FERC first issued a NOPR addressing cybersecurity, including supply chain management, almost exactly a year ago. While the commission approved seven NERC-proposed standards in the NOPR in January, it held off on addressing the supply chain, holding a technical conference later that month. (See FERC Postpones Action on Supply Chain Protections.)

FERC on Thursday also denied a request for rehearing of its approval of the seven standards (RM15-14-001).

Commissioner Colette Honorable noted that FERC received comments from 34 parties on the NOPR and 24 additional post-technical conference comments. “I think our work in this particular effort demonstrates that we did heed the concerns raised by industry, government, vendors, folks in academia and others,” she said.

“It is worth noting,” LaFleur wrote in a four-page dissent, “that the four objectives that will define the scope and content of the standard were not identified in the supply chain NOPR. Therefore, even though the final rule reflects feedback received on the supply chain NOPR, and is not obviously inconsistent with the supply chain NOPR, no party has yet had an opportunity to comment on those objectives or consider how they could be translated into an effective and enforceable standard.”

And in a rare — albeit low-key and brief — debate at an open meeting, LaFleur rebutted Clark’s comparison of the new rule to the physical security standard.
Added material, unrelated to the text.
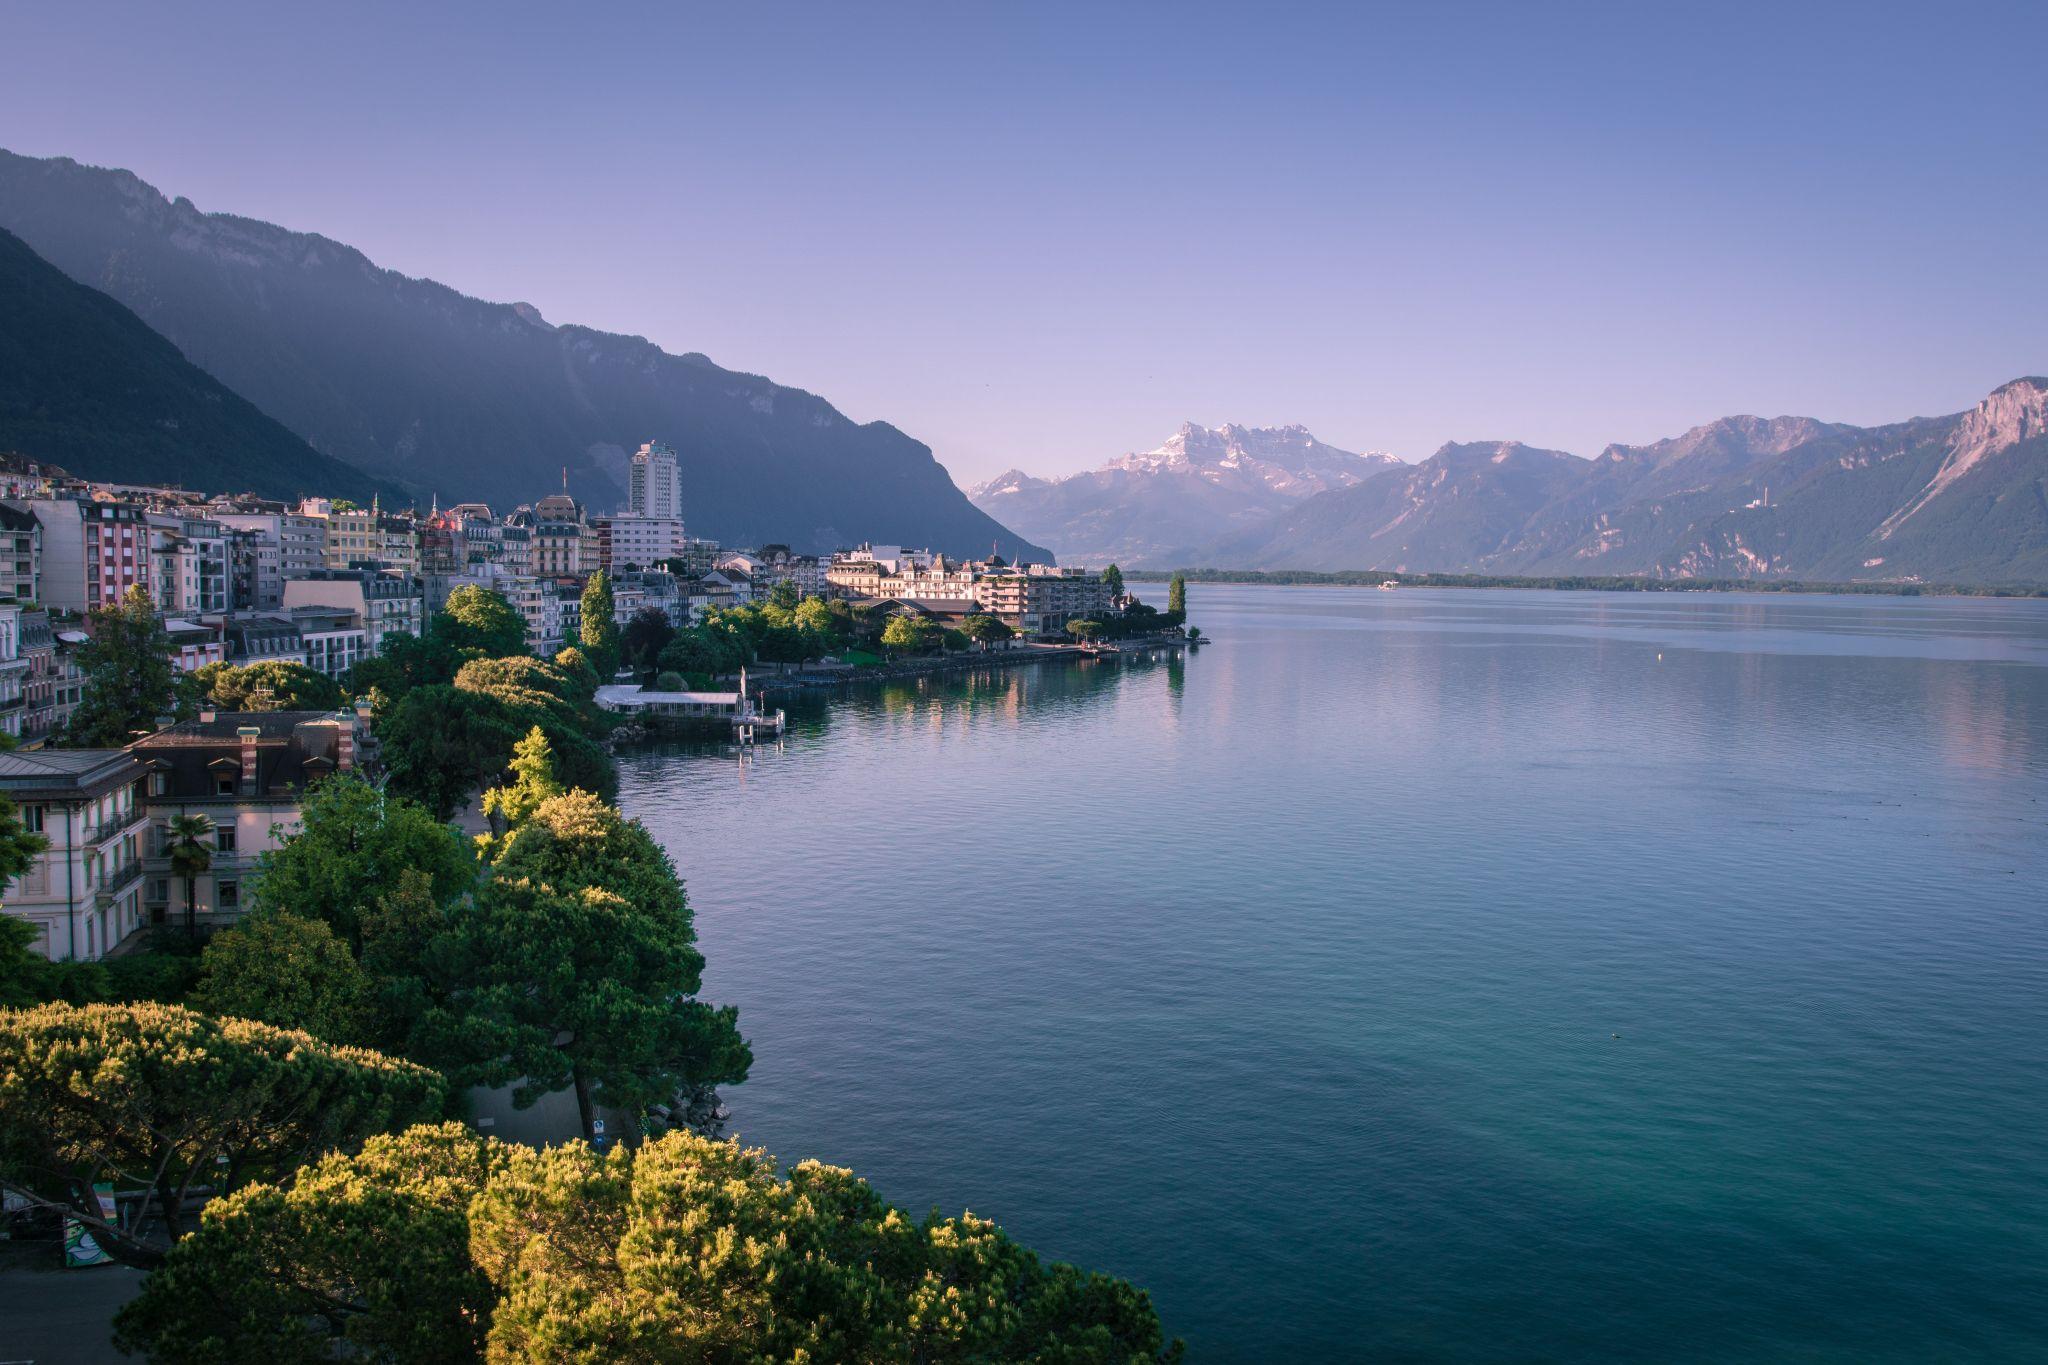 Quai Edouard Jaccoud, Switzerland

Clark said the latter standard had a quicker turnaround than FERC had required, while there has been “significantly more comment … and process leading up to this particular order.”

“Although the timeline was short, I thought that was actually an example of very focused outreach in advance,” LaFleur said. “We actually ordered the Office of Electric Reliability to work with NERC on the structure of the standard before we issued the directive and [to] agree in advance on a timeline. And as a result, I think we issued — even though we didn’t say ‘build a fence’ — a pretty focused standard, and they complied pretty quickly.

“But of course reasonable minds can differ.”

The rule will take effect 60 days after its publication in the Federal Register. NERC will then have a year to submit the standard.

Further Cybersecurity Measures

FERC also issued a Notice of Inquiry on Thursday seeking comment on potentially revising CIP standards to address separating the Internet and industrial control systems in transmission control centers (RM16-18).

The notice is in response to last year’s cyberattack in Ukraine, in which hackers, likely from the Russian government, infected three Ukrainian utilities with the BlackEnergy virus. Workers at the utilities downloaded seemingly innocent Microsoft Office files that had been emailed to them and enabled macros that allowed the hackers to gain control of the companies’ cyber systems, eventually knocking out power to 225,000 customers in the country. (See How a ‘Phantom Mouse’ and Weaponized Excel Files Brought Down Ukraine’s Grid.)

In its report on the incident, the Department of Homeland Security recommended, among other measures, isolating industrial control systems from the Internet and other unsecured networks at control centers. FERC seeks comment on any potential impacts on the grid from doing this.